I need to restrict the role and password_hash fields from user input, or whitelist the email and password fields. Right now anyone could POST this sign up as an admin:

{
    "user": {
        "email": "test3@test.com",
        "password": "testpw",
        "password_hash": "shouldn't allow user input",
        "role": "admin"
    }
}

This is typically accomplished in Rails using strong params, which will strip out fields that are not explicitly specified.

How do I do restrict/whitelist params with Phoenix using best practices?

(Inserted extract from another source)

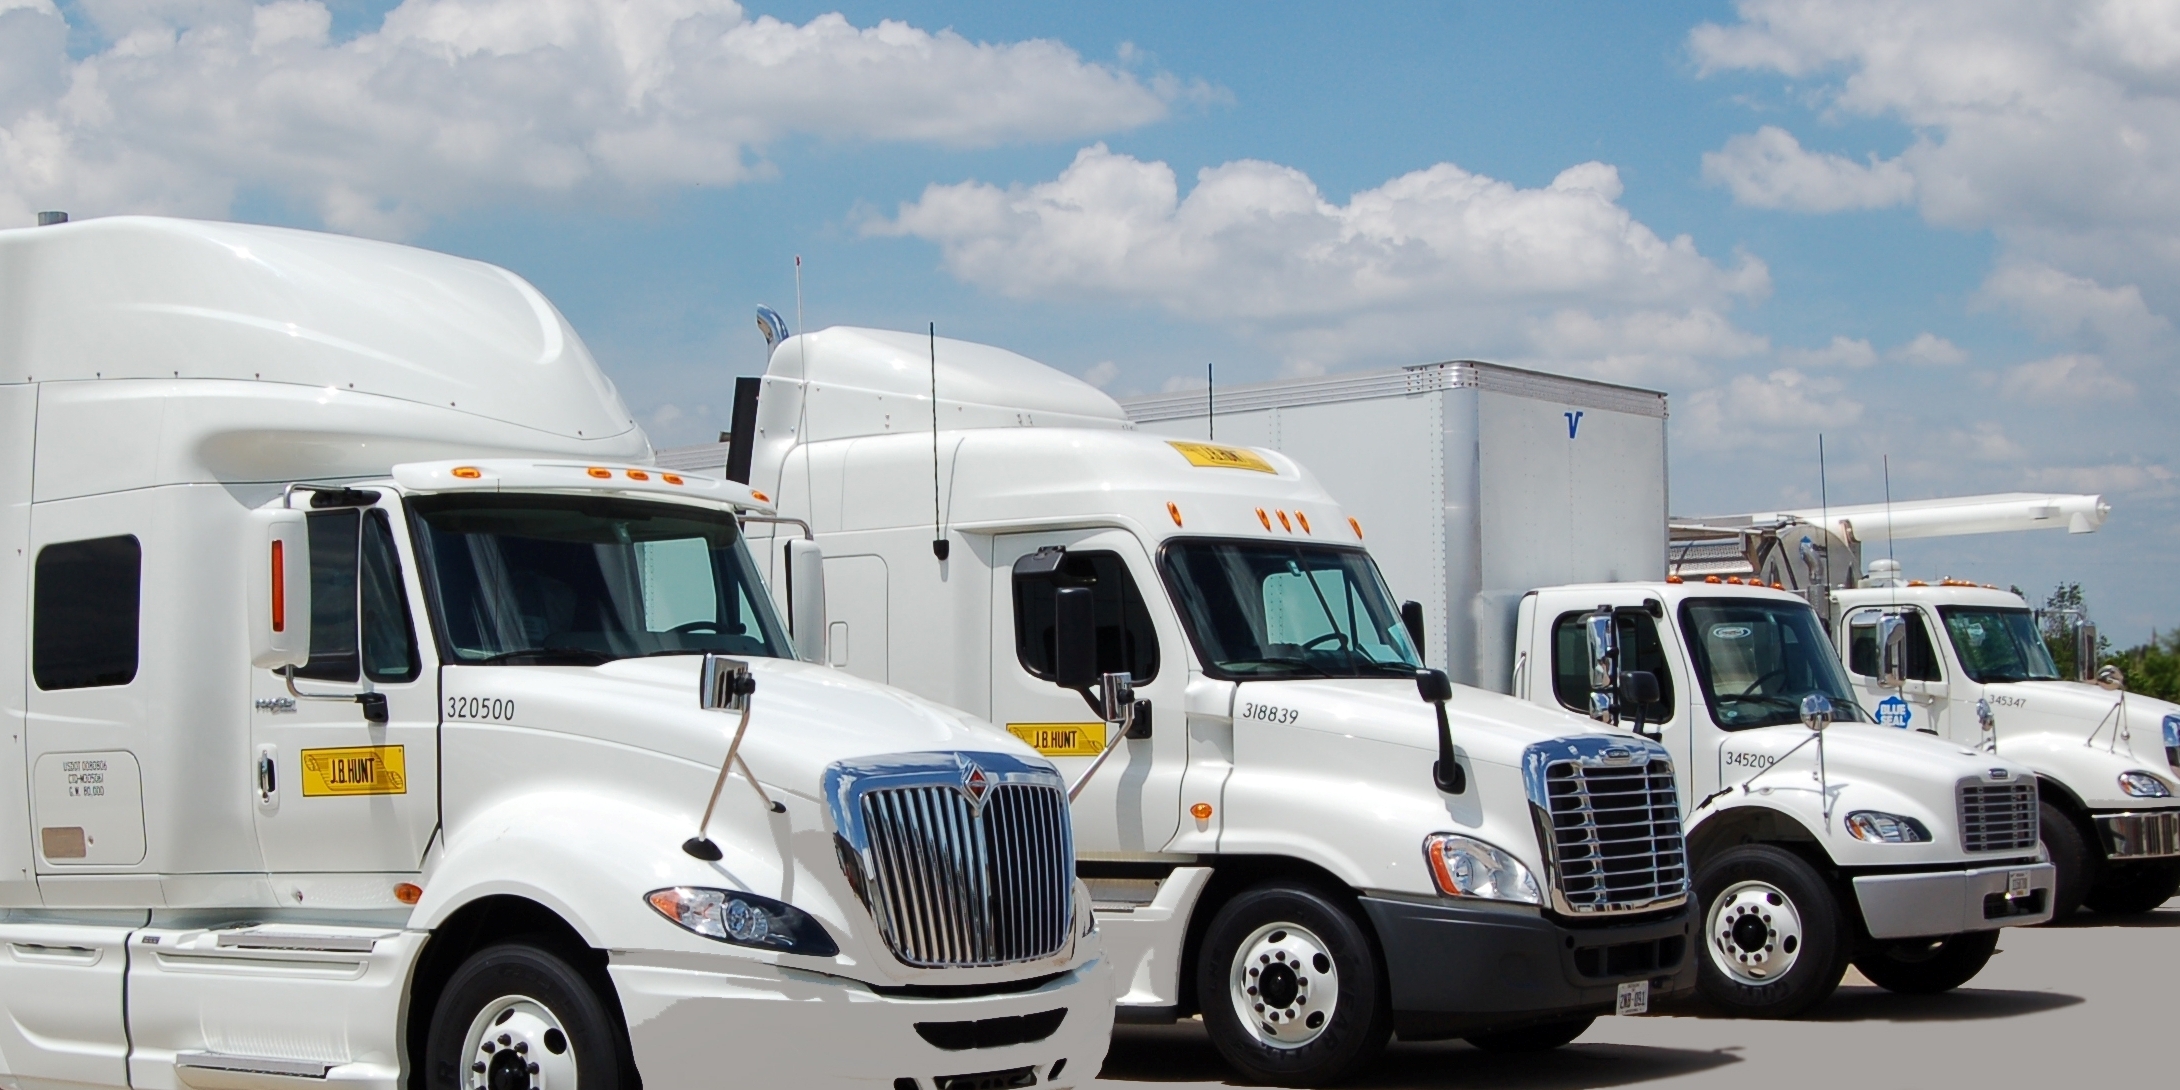 J.B. Hunt Transport, Inc Truck Fleet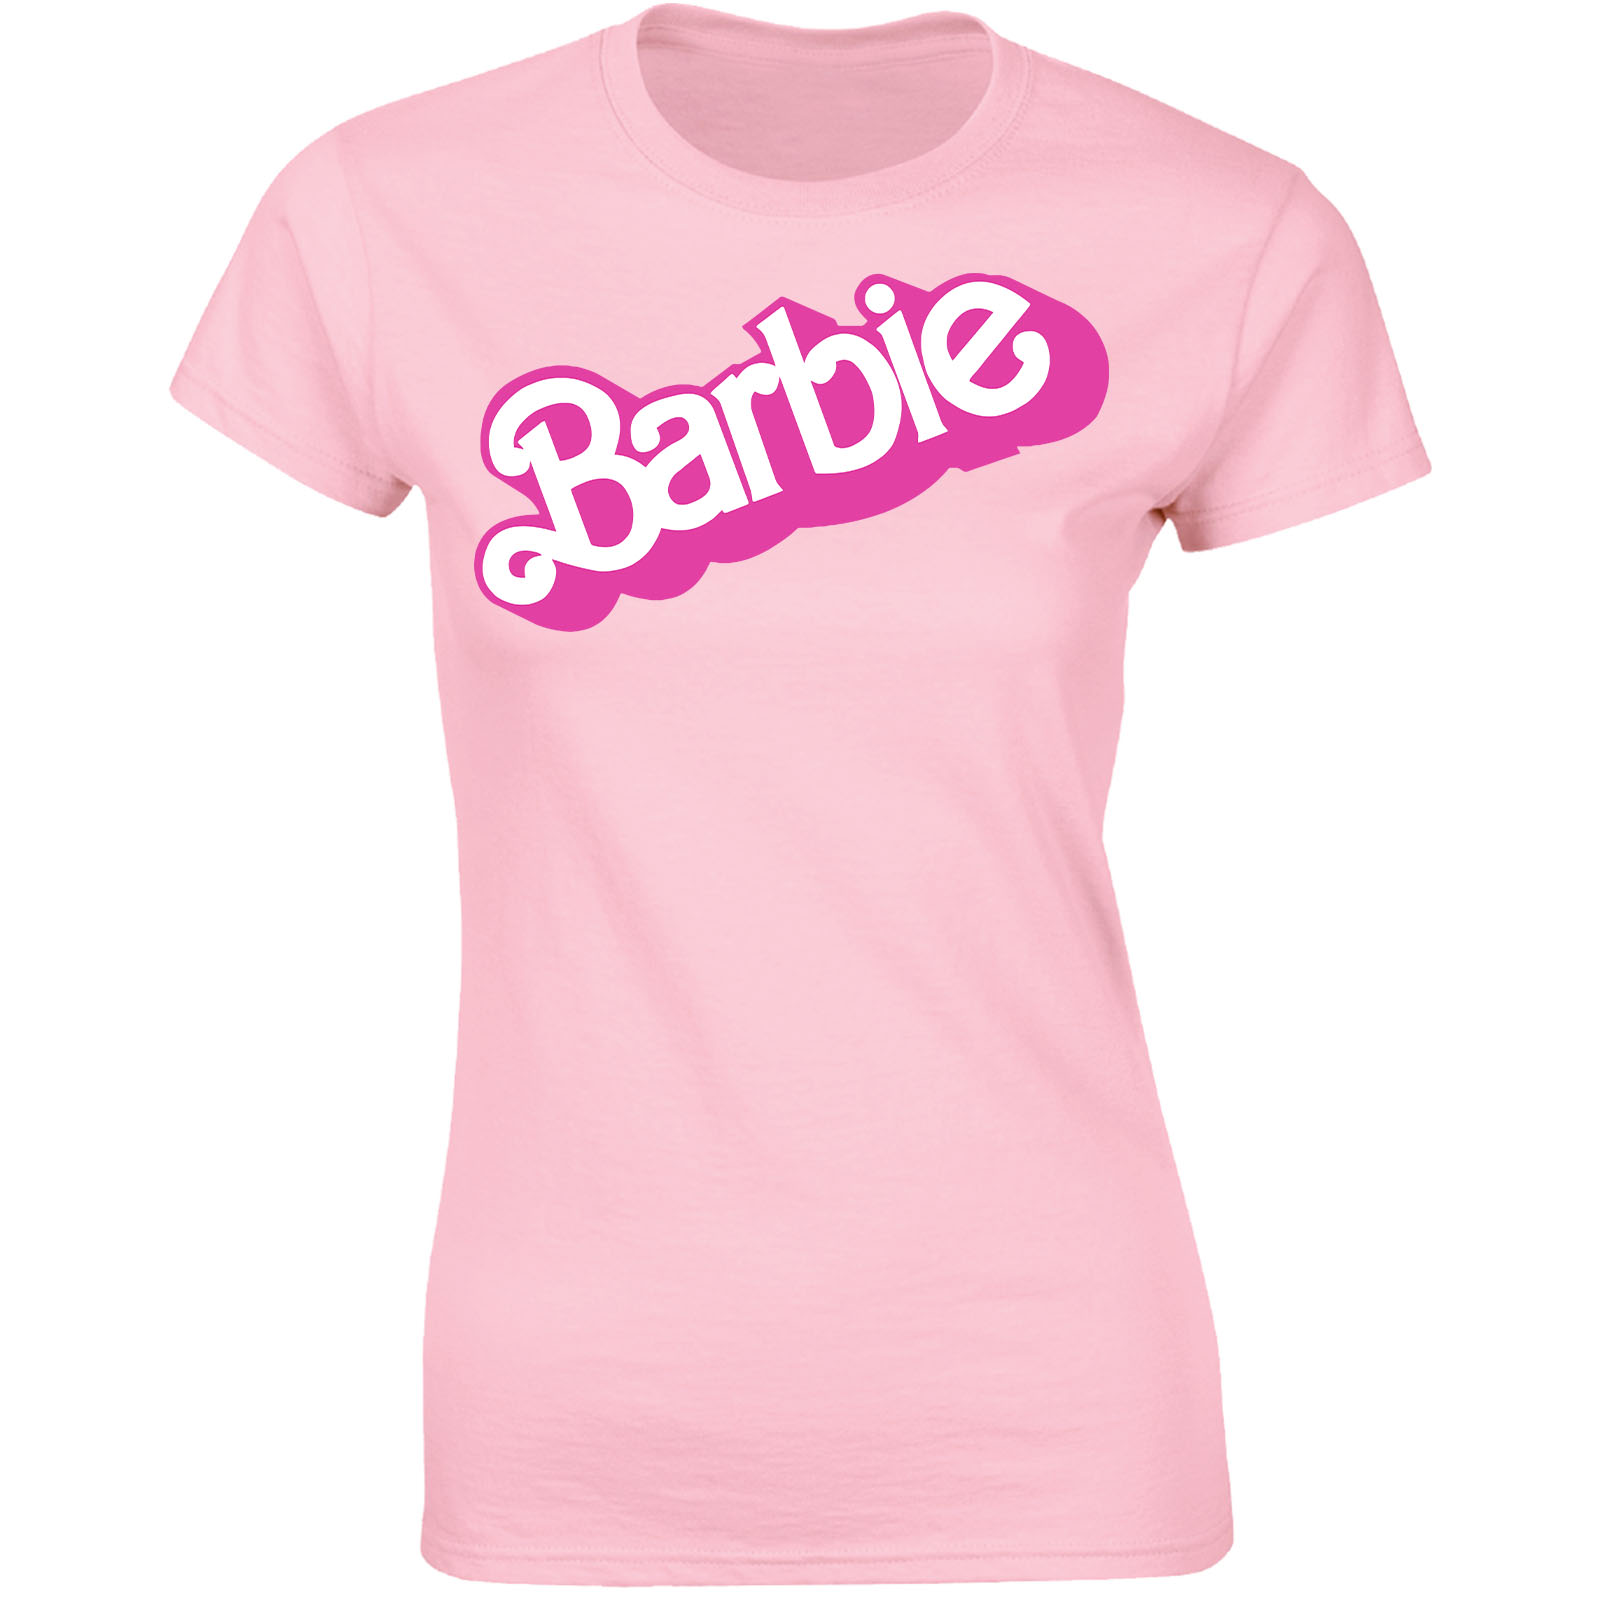 https://bathrobesuk.com/imgs/BarbieDoll/Ladiestshirt/Ladiestshirt-Lightpink.jpg

This is my create method in my user_controller:

  def create(conn, %{"user" => user_params}) do
    changeset = User.registration_changeset(%User{}, user_params)
    ...
    ...
  end

And here is my schema and changesets in the model, user.ex. I'm following this tutorial, it says "we pipe the new changeset through our original one"

  schema "users" do
    field :email, :string
    field :password, :string, virtual: true
    field :password_hash, :string
    field :role, :string

    timestamps()
  end

  def changeset(model, params \\ :empty) do
    model
    |> cast(params, ~w(email), [])
    |> downcase_email()
    |> unique_constraint(:email)
    |> validate_format(:email, ~r/@/)
  end

  def registration_changeset(model, params) do
    model
    |> changeset(params)
    |> cast(params, ~w(password), [])
    |> validate_length(:password, min: 6)
    |> put_password_hash()
  end

Phoenix's scrub_params is close, but it doesn't sound like what I need.

I think I can accomplish this by pattern matching but I'm not sure how.

Actually the code behaves as expected and does not save the role field. (I was reading the request in the console instead of actually checking the database.)

I know this is late here but here is this approach:

defmodule MyApp.Utils do
  def strong_params(params, allowed_fields) when is_map(params) do
    allowed_strings = Enum.map(allowed_fields, &Atom.to_string(&1))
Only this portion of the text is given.